The University of Bath is inviting applications for this PhD opportunity based at the Milner Centre for Evolution, a unique, cross-faculty research centre bridging biology, health and education. The Centre is dedicated to a broad range of fundamental research questions relating to evolutionary biology; from in deep time, to the micro-evolutionary dynamics of a disease outbreak. We have a strong focus on public engagement and outreach. We are located in a dedicated multi-million-pound building that opened on the University campus in September 2018. For further information about the centre see https://www.bath.ac.uk/research-centres/milner-centre-for-evolution/
Lead Supervisor: Dr Momna Hejmadi (Department of Biology & Biochemistry) https://www.heacademy.ac.uk/person/dr-momna-hejmadi
Co-Supervisor: Prof Laurence Hurst (Department of Biology & Biochemistry) https://researchportal.bath.ac.uk/en/persons/laurence-hurst
Co-Supervisor: Prof Mary Hayden (Department of Education) https://researchportal.bath.ac.uk/en/persons/mary-hayden/similar/
A common perception is that many adults deny/reject the scientific consensus on biological evolution due to prior beliefs and psychological conflicts. What about the classroom? Several studies have sought to discover the reasons why evolution is so difficult for students to understand and accept, but few have attempted to find ways to improve the understanding of evolution. In our first randomised control trial of almost 2000 UK secondary school students, published in PLOS Biology, we showed that teaching genetics before teaching evolution is the best way to get children to understand evolution (1). Furthermore, we showed that among 14-16 year olds, an aptitude for science, rather than psychological beliefs, better explains the acceptance of scientific evolutionary concepts (2). A recent longitudinal study also suggests a large shift in attitudes towards acceptance of evolution among Mormon undergraduates in America, driven partly by a strong science education by their parents (3).
These studies pose several questions, particularly in a global classroom with diverse cultural and educational contexts. For instance, what factors influence the understanding and acceptance of evolution across different countries? Does an aptitude for science, rather than their cultural or psychological beliefs, influence their understanding and acceptance of evolution? This PhD project will aim to address these questions by conducting a longitudinal study across international schools with diverse cultural contexts.

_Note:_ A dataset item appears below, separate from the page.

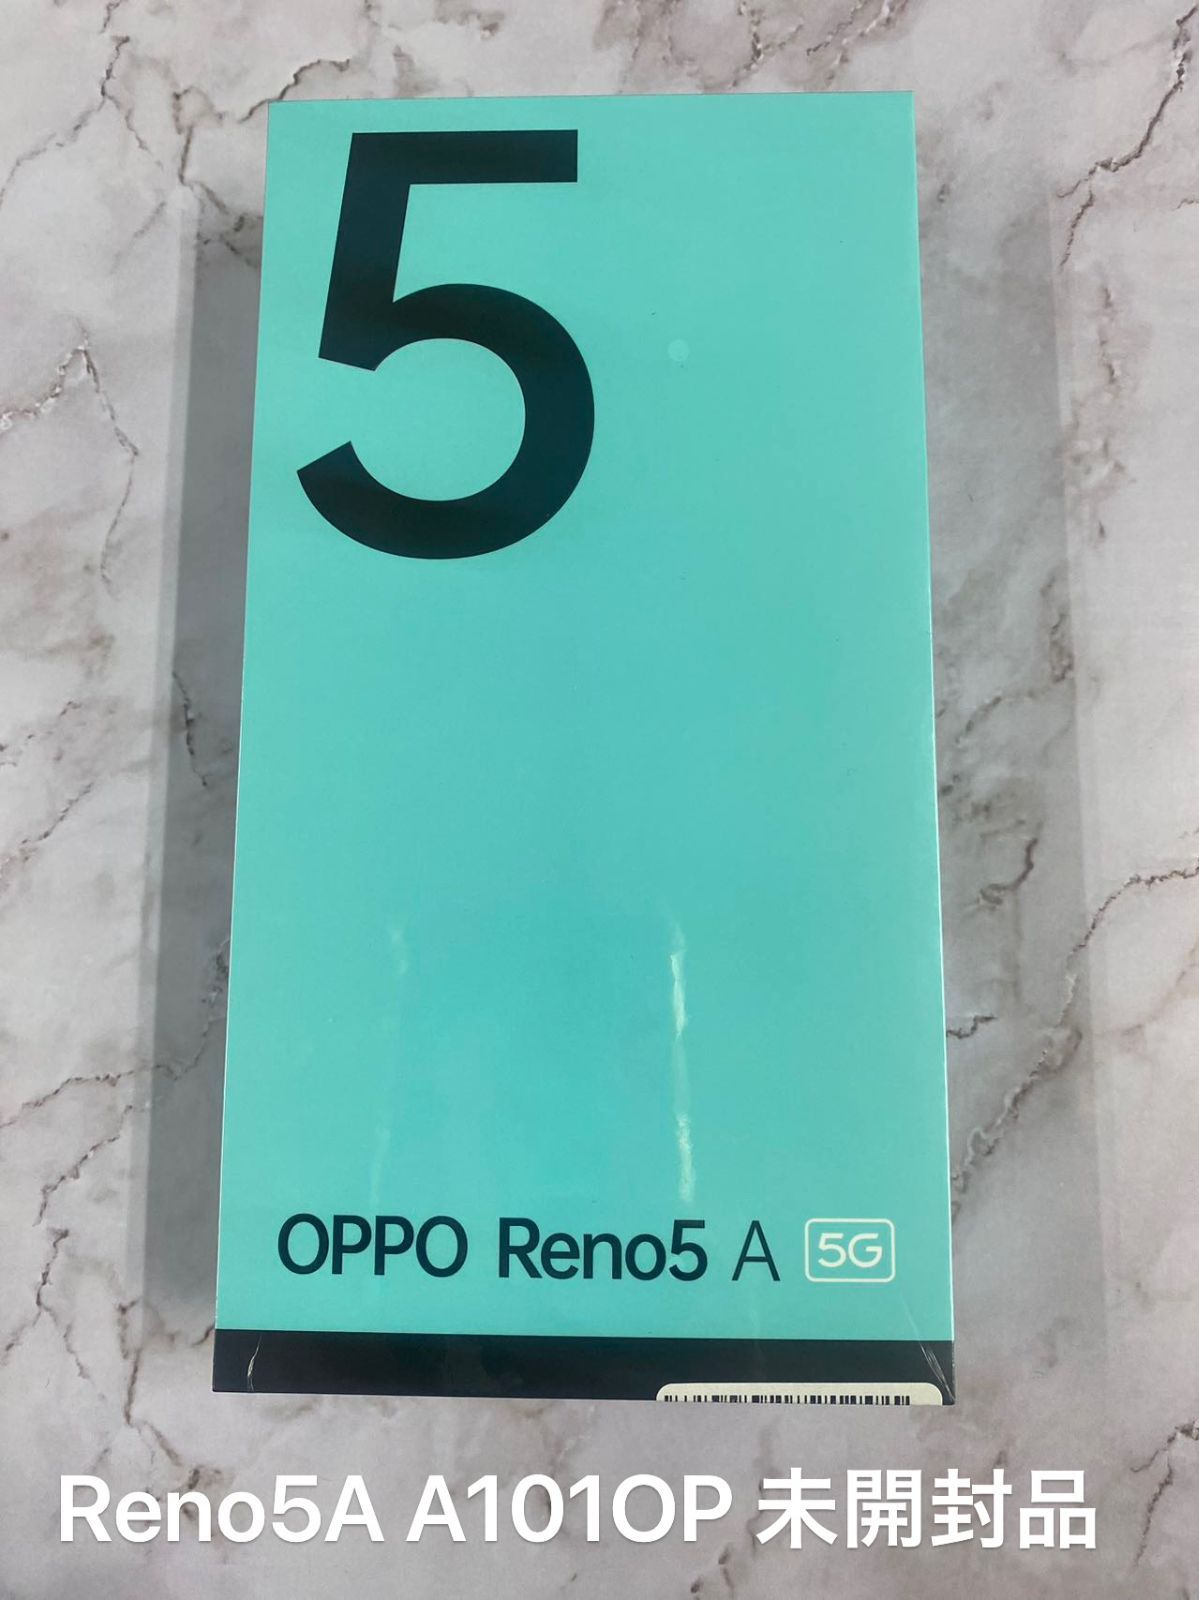 新品未開封】OPPO Reno5A シルバーブラック ワイモバイル版 - メルカリ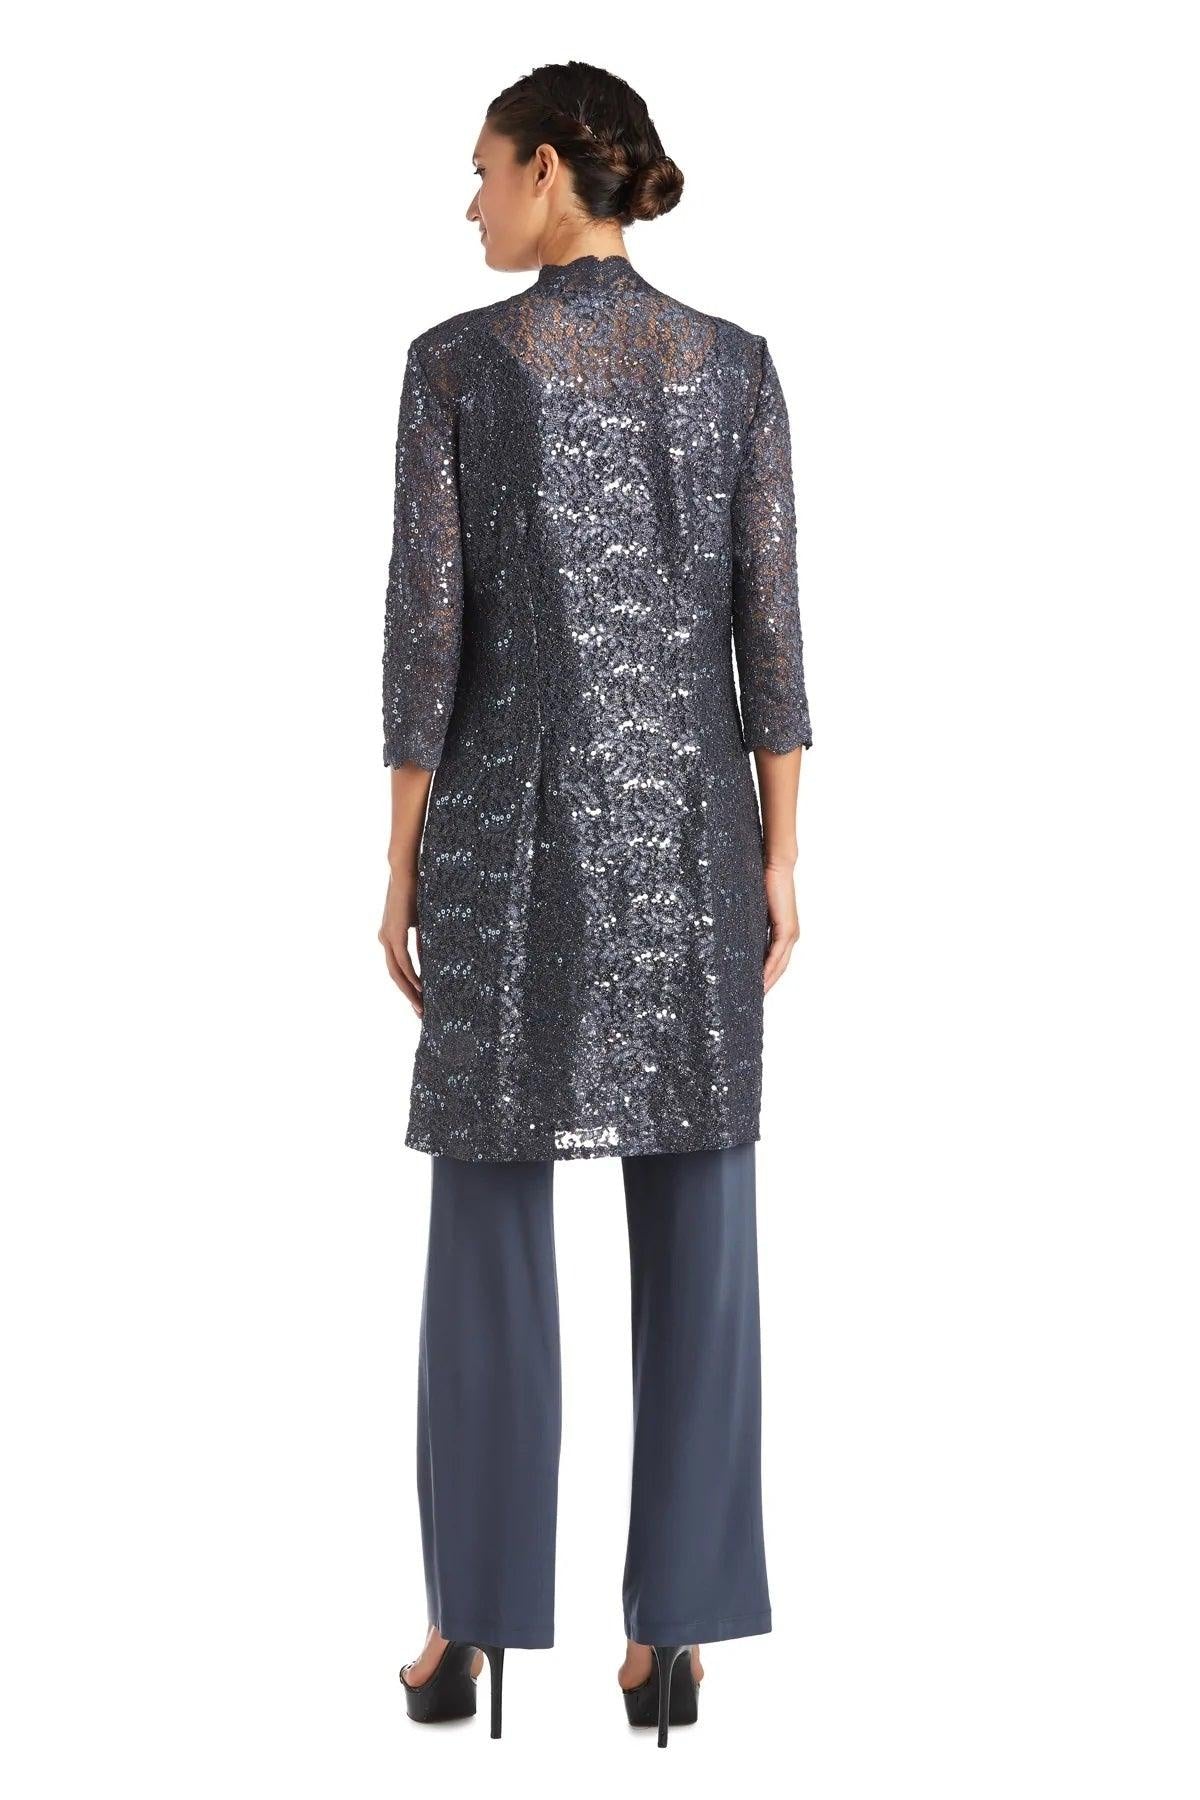 R&M Richards Metallic Lace Petite Pant Suit Sale - The Dress Outlet

The PhD student will join a dynamic and inter-disciplinary team led by Professor Momna Hejmadi and Professor Laurence Hurst, based in the Milner Centre for Evolution. The project is in collaboration with Professor Mary Hayden, Director of the Centre for the Study of Education in an International Context (CEIC) in the Department of Education at the University of Bath. The project will benefit from the strong network of international collaborations through the Milner Centre and CEIC, and opportunities for strengthening all aspects of research and professional skills.
Applicants should hold, or expect to receive, a First Class or high Upper Second Class UK Honours degree (or the equivalent qualification gained outside the UK) in a relevant subject. A master’s level qualification would also be advantageous.
Informal enquiries should be directed to Momna Hejmadi [email protected]
Formal applications should be made via the University of Bath’s online application form: https://samis.bath.ac.uk/urd/sits.urd/run/siw_ipp_lgn.login?process=siw_ipp_app&code1=RDUBB-FP02&code2=0013
On the application form, please ensure that you quote ‘Evolution Education Trust’ in the Finance section and the supervisor’s name and project title in the ‘Your research interests’ section. Should you wish to be considered for more than project, quote the projects in order of preference and upload a separate personal statement relevant to each one.
More information about applying for a PhD at Bath may be found here: http://www.bath.ac.uk/guides/how-to-apply-for-doctoral-study/
Interviews will take place in Bath on 14 June 2019.
Anticipated start date: 30 September 2019.
1. Mead R, Hejmadi M, Hurst LD. (2018) Scientific aptitude better explains poor responses to teaching of evolution than psychological conflicts. Nature Ecology & Evolution 2, 388–394 (2018)
2. Mead R, Hejmadi M, Hurst LD. (2017) Teaching genetics prior to teaching evolution improves evolution understanding but not acceptance. PLoS Biol. 2017 May 23;15(5).
3. Bradshaw WS, Phillips AJ, Bybee SM, Gill RA, Peck SL, Jensen JL. (2018). A longitudinal study of attitudes toward evolution among undergraduates who are members of the Church of Jesus Christ of Latter-day Saints. PLoS One. Nov 7;13(11).